This is what I said at Igal’s Celebration of Life on April 21, 2013. The entire service was recorded and the link can be found on koshevoy.net, along with other remembrances.

Igal Koshevoy. Photo by K Comandich

Igal Koshevoy. Photo by K Comandich

I think if Igal could be here today, standing where I’m standing, and see all of you . . .

. . . I think he would be TERRIFIED.

But he wouldn’t show that. And he’d deliver whatever he got up here to say with grace and eloquence, because he would have practiced. Igal practiced the things he found important, and the things he found difficult, until it appeared as if they came naturally to him.

Many of you met Igal through some technology-related activity, perhaps one of the conferences or un-conferences he organized, or a software developers’ user group, or as a co-worker. Chances are good that the first thing that impressed you about Igal was that he was very smart.

I met Igal at a Thanksgiving gathering in 2006. The first thing I noticed about him was that he was funny. He must have made some other impression as well, because later I realized I wanted to get to know that guy better.

So, I invited Igal to an annual art and craft showcase. I asked him to join me on Saturday, figuring that he would get board and that I could go back on Sunday to see the rest of the exhibit.
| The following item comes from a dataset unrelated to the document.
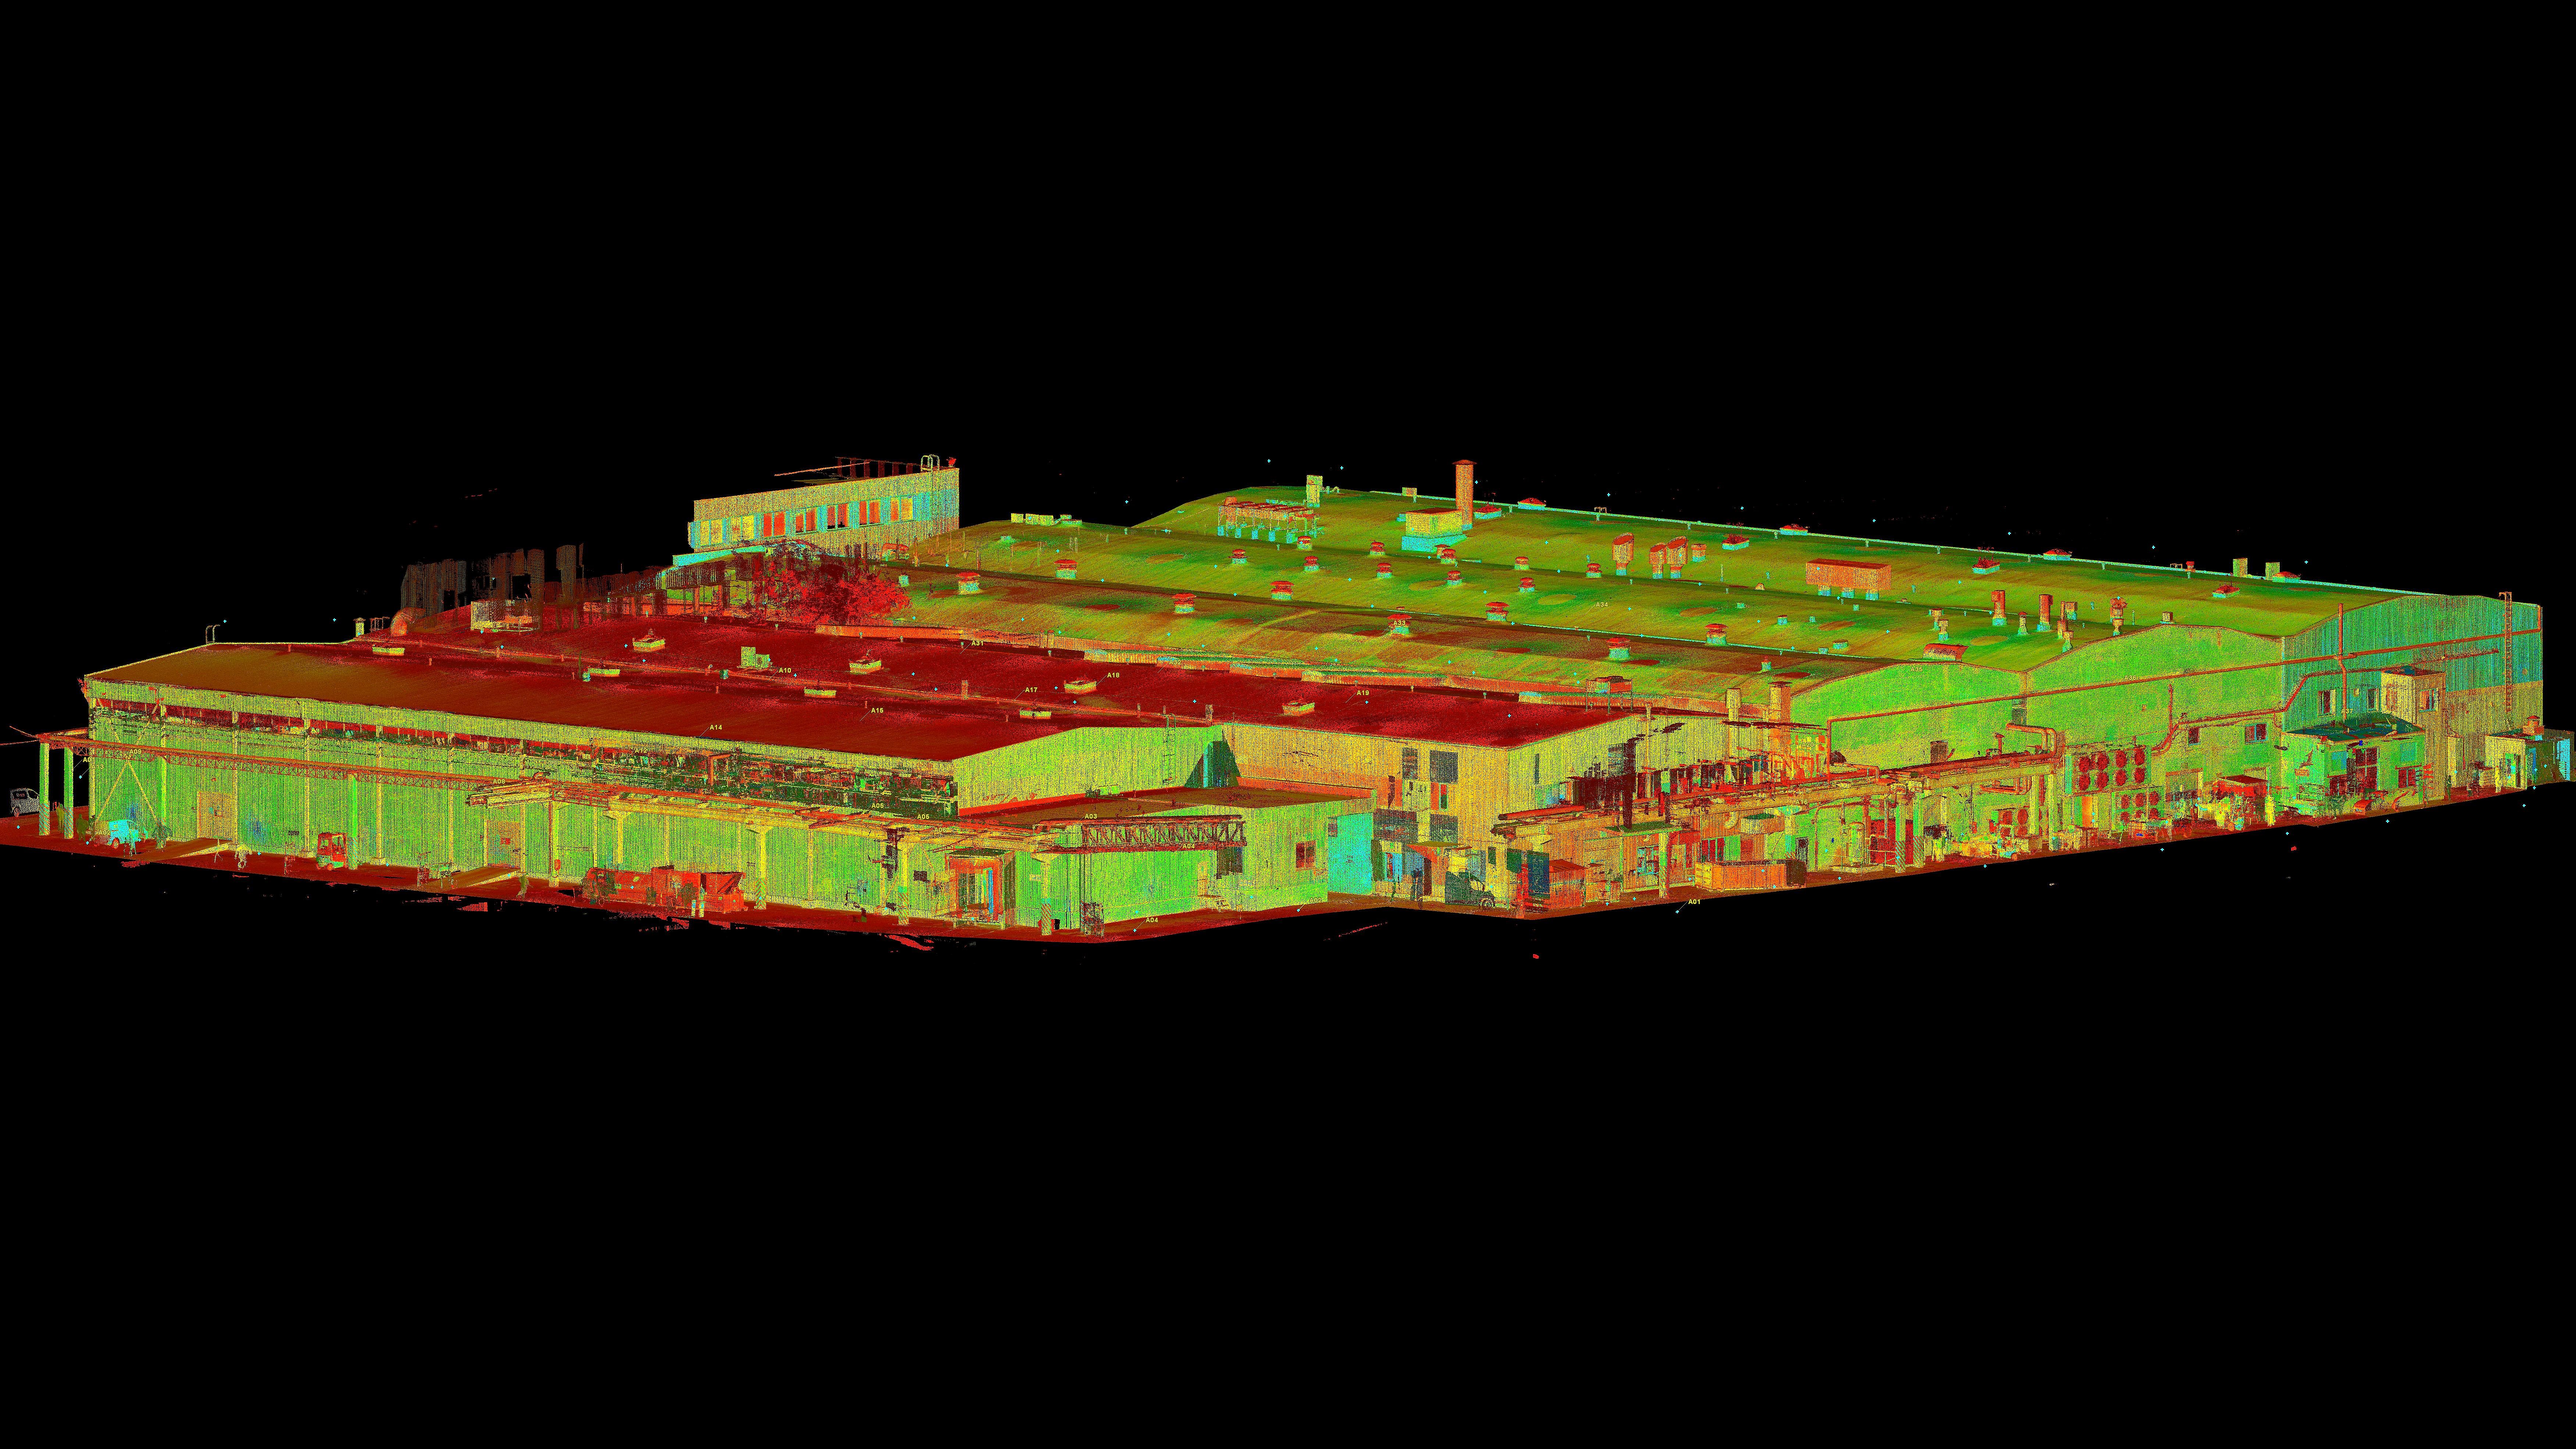 Laser scanning of the industrial buildings of Norma factory in Laki 14 Tallinn, Estonia

I expect that some of you are chuckling at that. We looked at everything that day. Igal loved art.

Over time, Igal and I saw a lot of art together. Igal would have conversations with some of the artists that were every bit as deep and knowledgeable as his discussions about programming, scaling your web infrastructure, planes, trains . . . you name it.

We went on art walks and Open Studios tours together. I’d drive and Igal would navigate, or we’d walk and at some point Igal would take the map out of my hands. . . . Don’t try that with me if you are not Igal!
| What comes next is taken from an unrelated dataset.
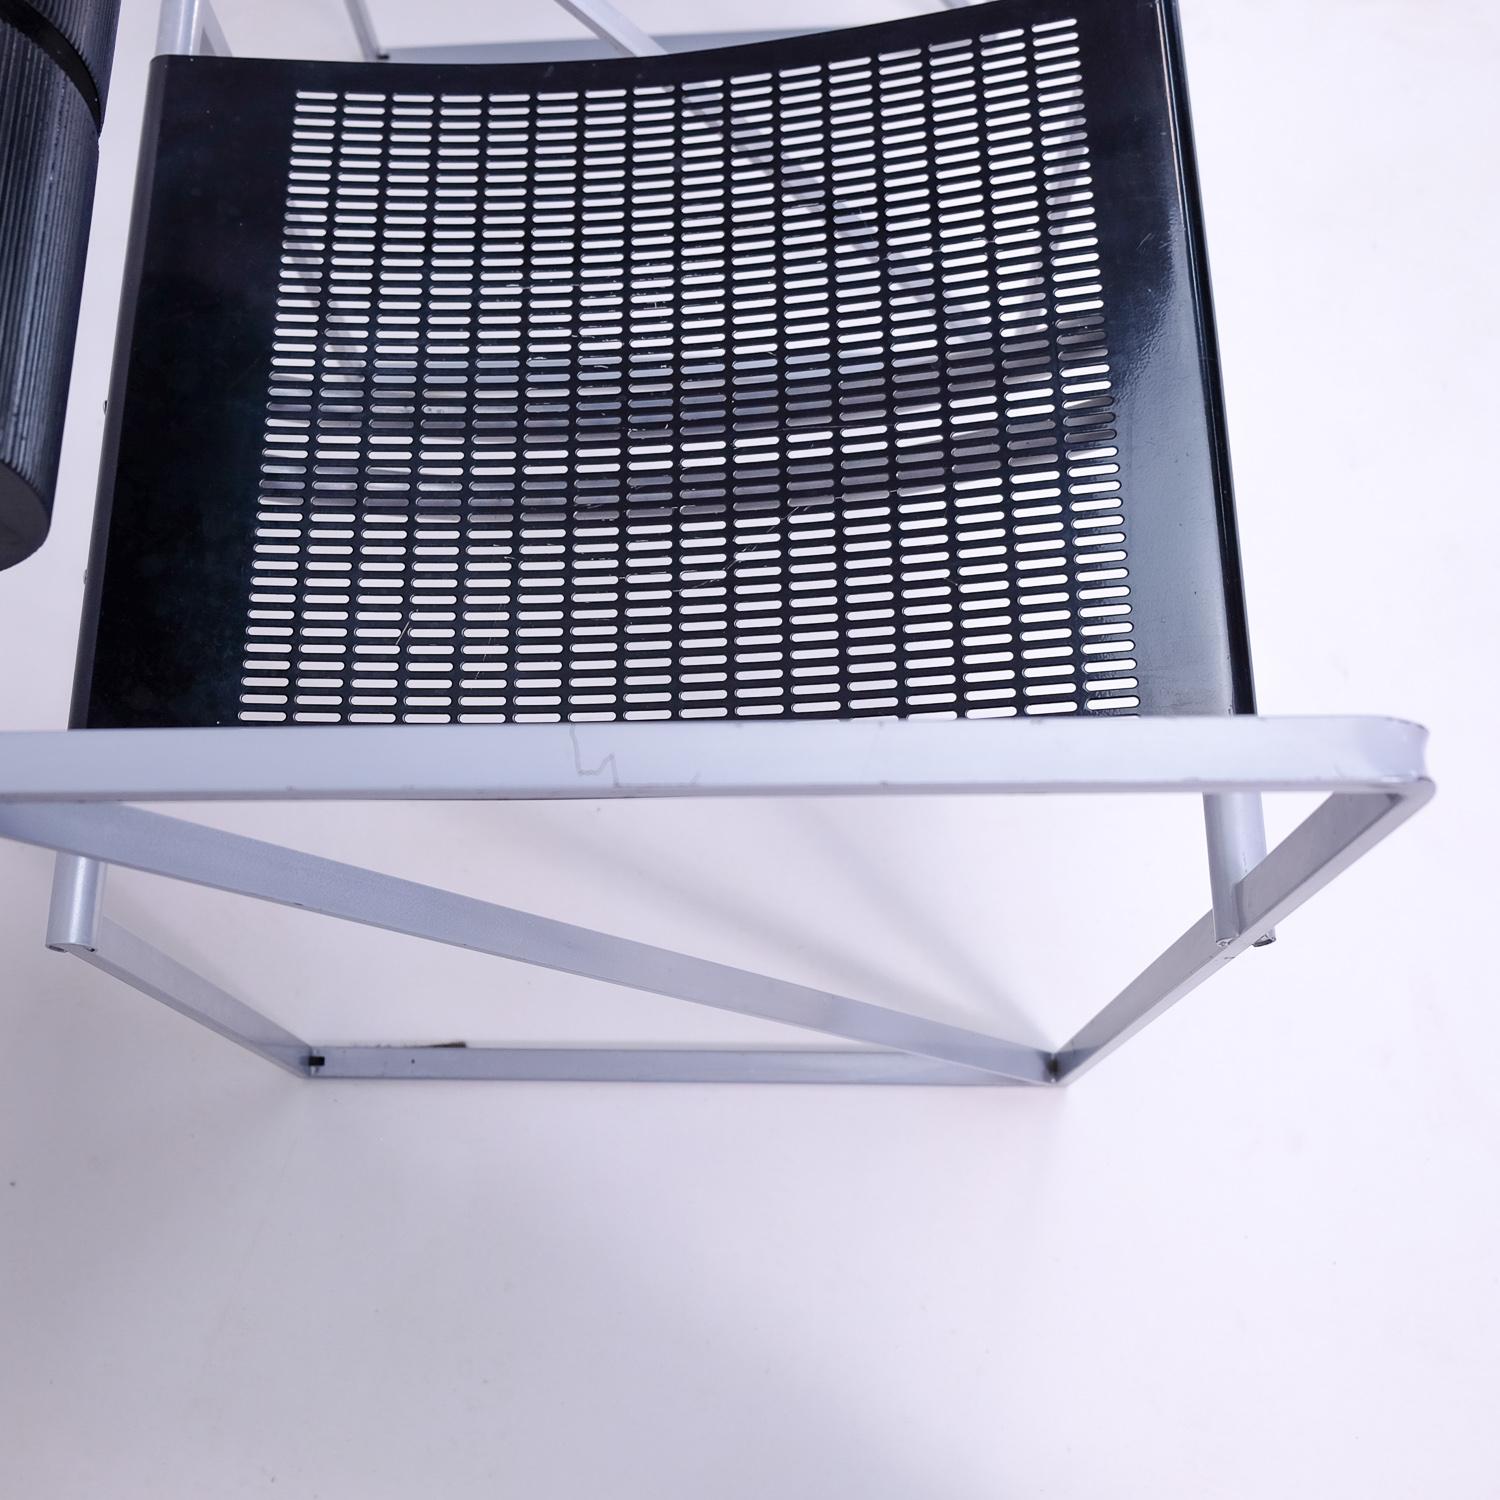 Post Modern Swiss Design Seconda Chairs by Mario Botta for Alias, 1980s 8

He carried a compass, because he was always prepared.

The image of Igal with map and compass sticks with me — he was my navigator and my moral compass through some difficult times.

I think the reason so many of us loved Igal is that Igal cared deeply about people. He was kind and generous, and he was a remarkably good listener. I’m struck by how many of you have said that Igal welcomed you into some group and made it easy for you to join in.

Wherever he was, Igal would notice if someone was in distress, and he’d try to help. That went for the newbie feeling out of place at a user group meeting, as well as for the ragged stranger, new to Portland and lost, who need directions and a few dollars for bus fare.

If someone needed help, Igal would reach out and offer it without reservation. If you were in a group and suddenly realized Igal was missing, you would probably find him nearby, helping someone else.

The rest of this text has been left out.